Work instructions.
Please restate the listing word for word, omitting the images.

Recorded information.
───

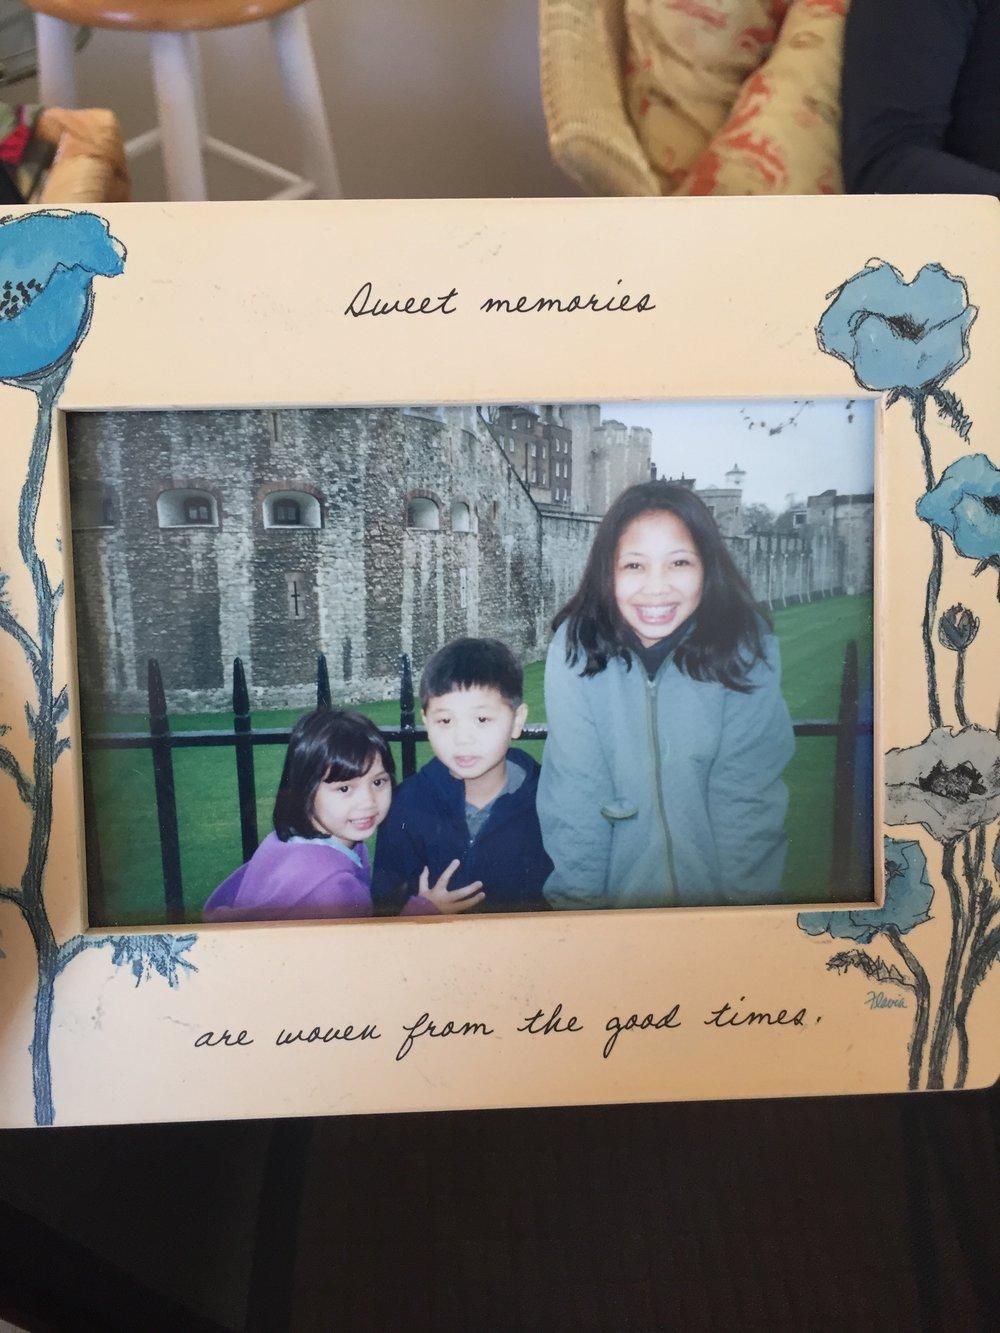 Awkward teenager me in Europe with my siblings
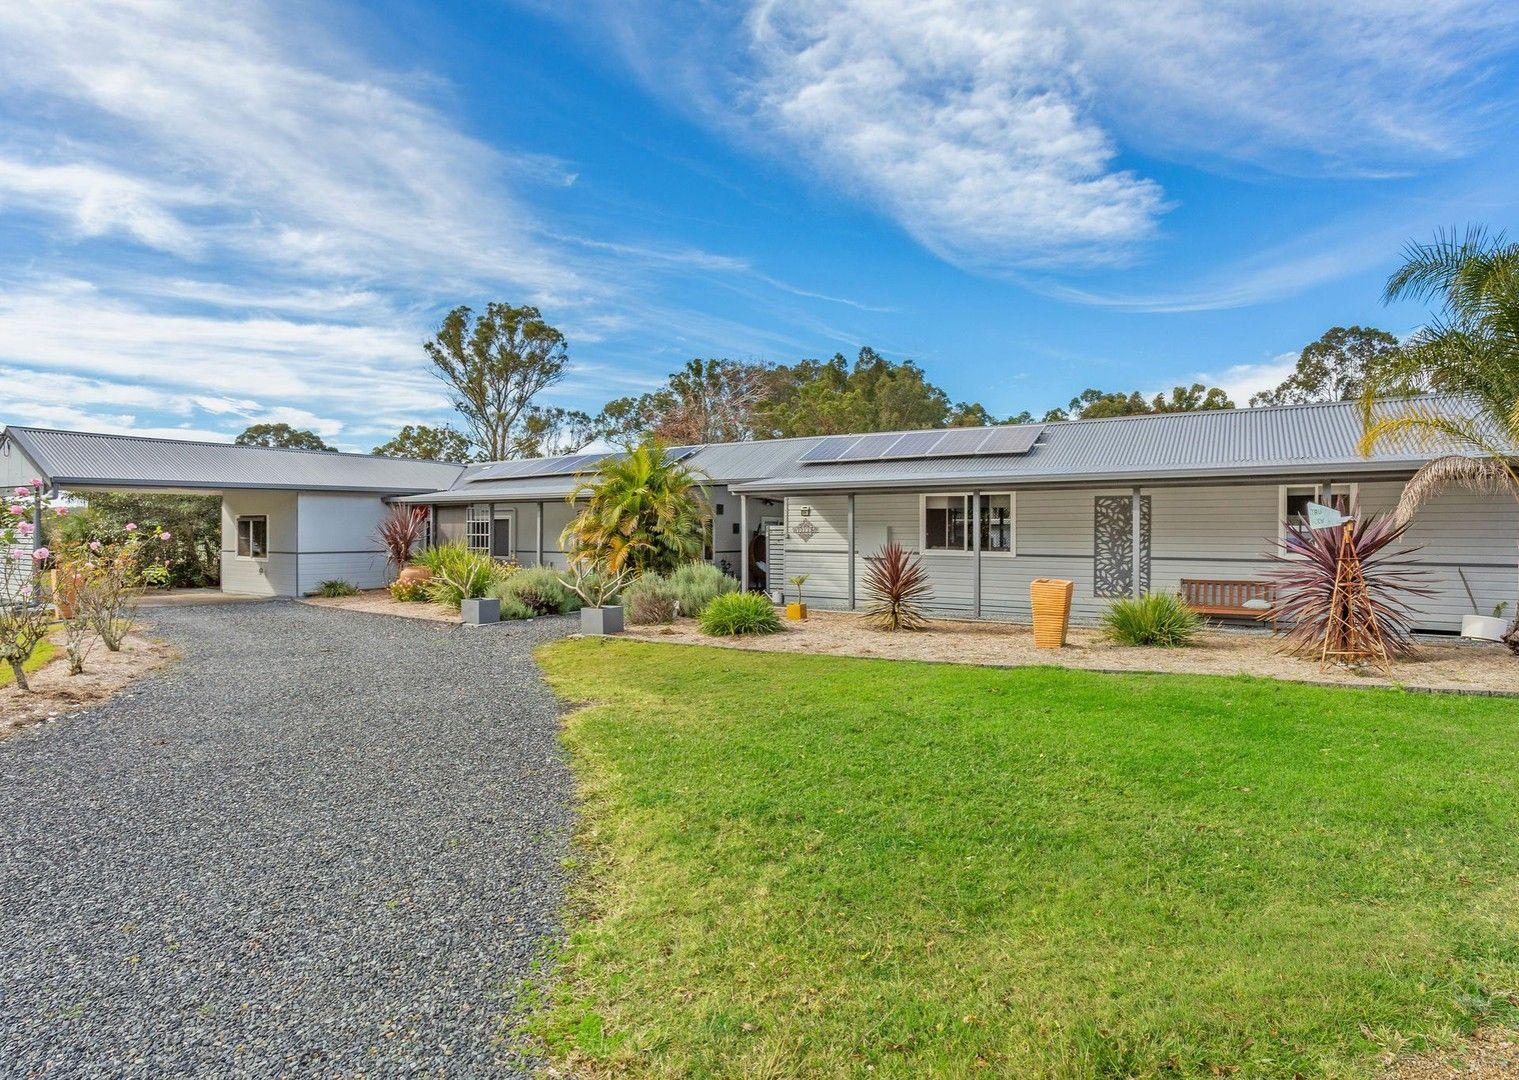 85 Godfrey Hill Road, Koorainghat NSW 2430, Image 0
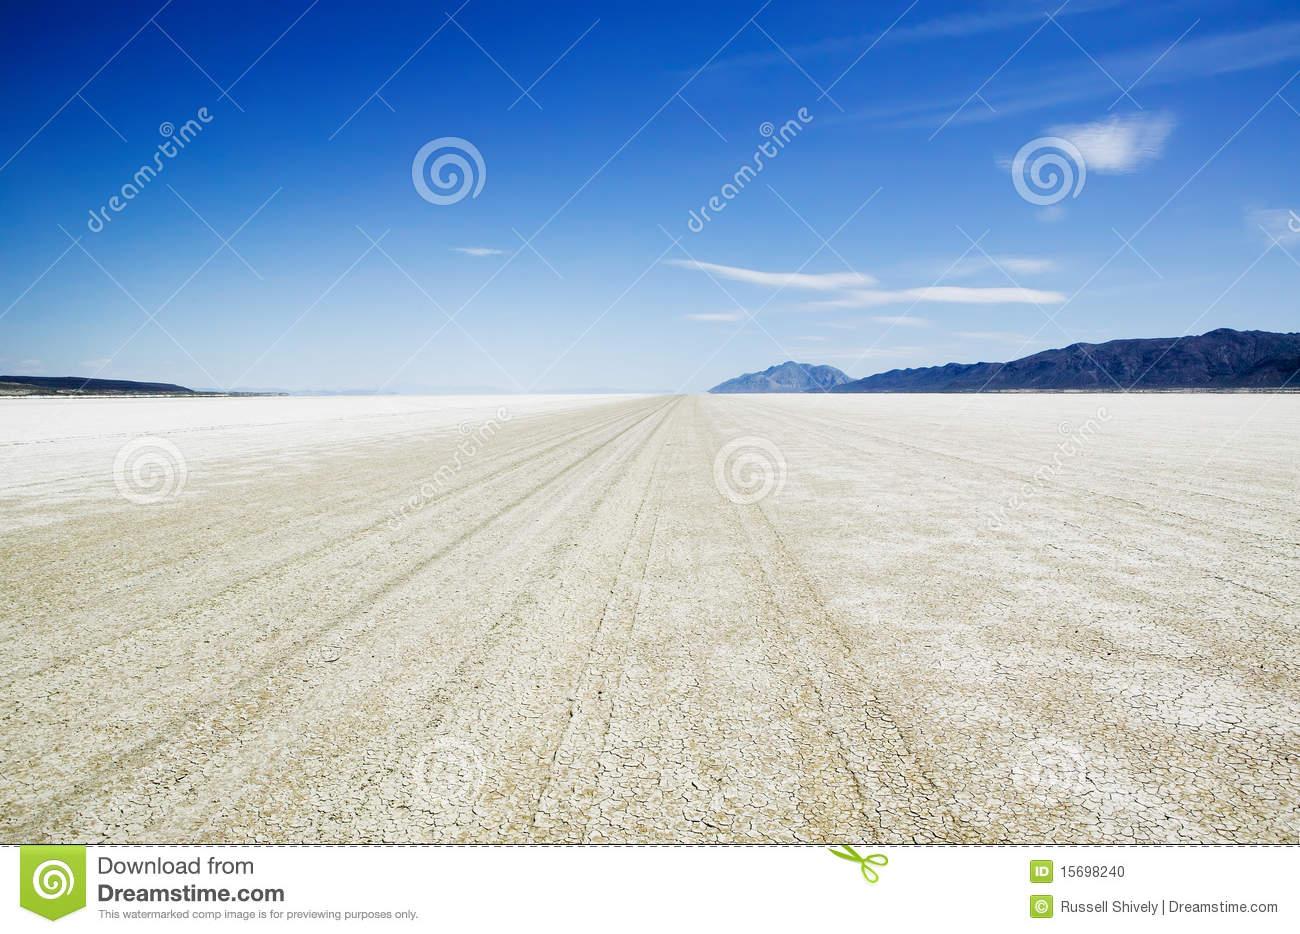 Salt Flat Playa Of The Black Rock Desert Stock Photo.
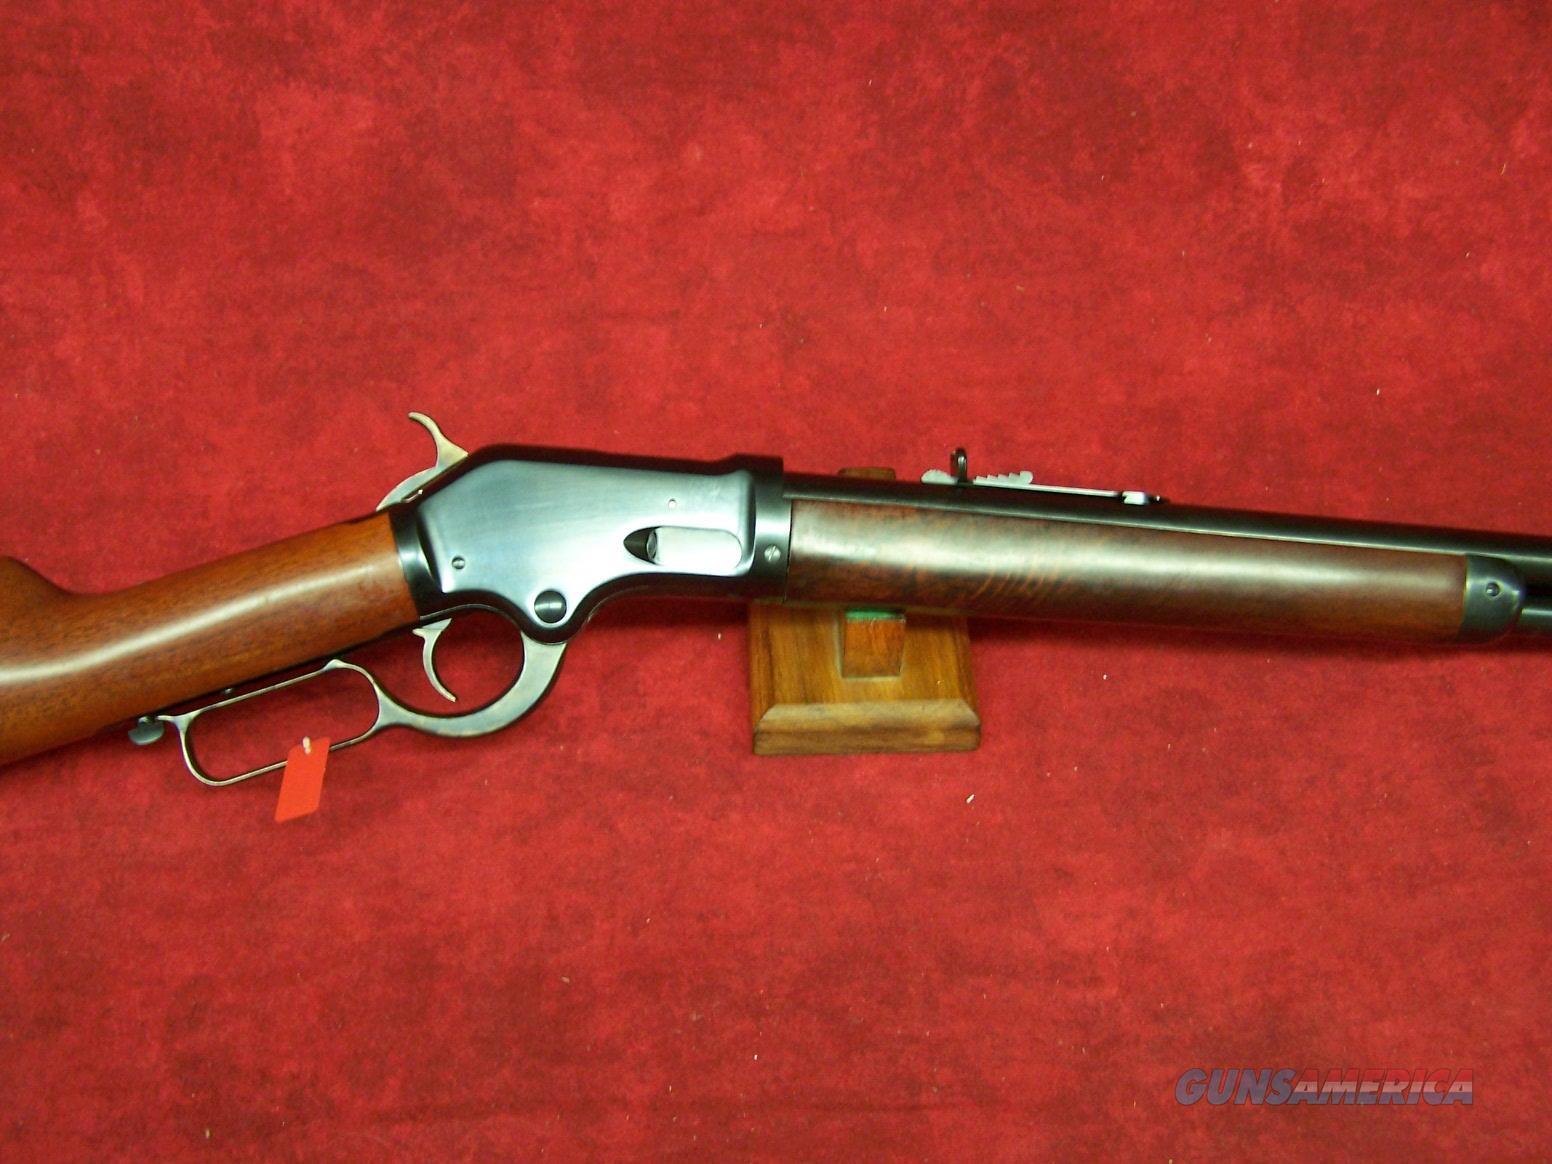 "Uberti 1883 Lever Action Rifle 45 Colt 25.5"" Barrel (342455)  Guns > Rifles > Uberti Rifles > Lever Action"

───

Problem solution.
 Awkward teenager me in Europe with my siblings
 85 Godfrey Hill Road, Koorainghat NSW 2430, Image 0
 Salt Flat Playa Of The Black Rock Desert Stock Photo.
 "Uberti 1883 Lever Action Rifle 45 Colt 25.5"" Barrel (342455)  Guns > Rifles > Uberti Rifles > Lever Action"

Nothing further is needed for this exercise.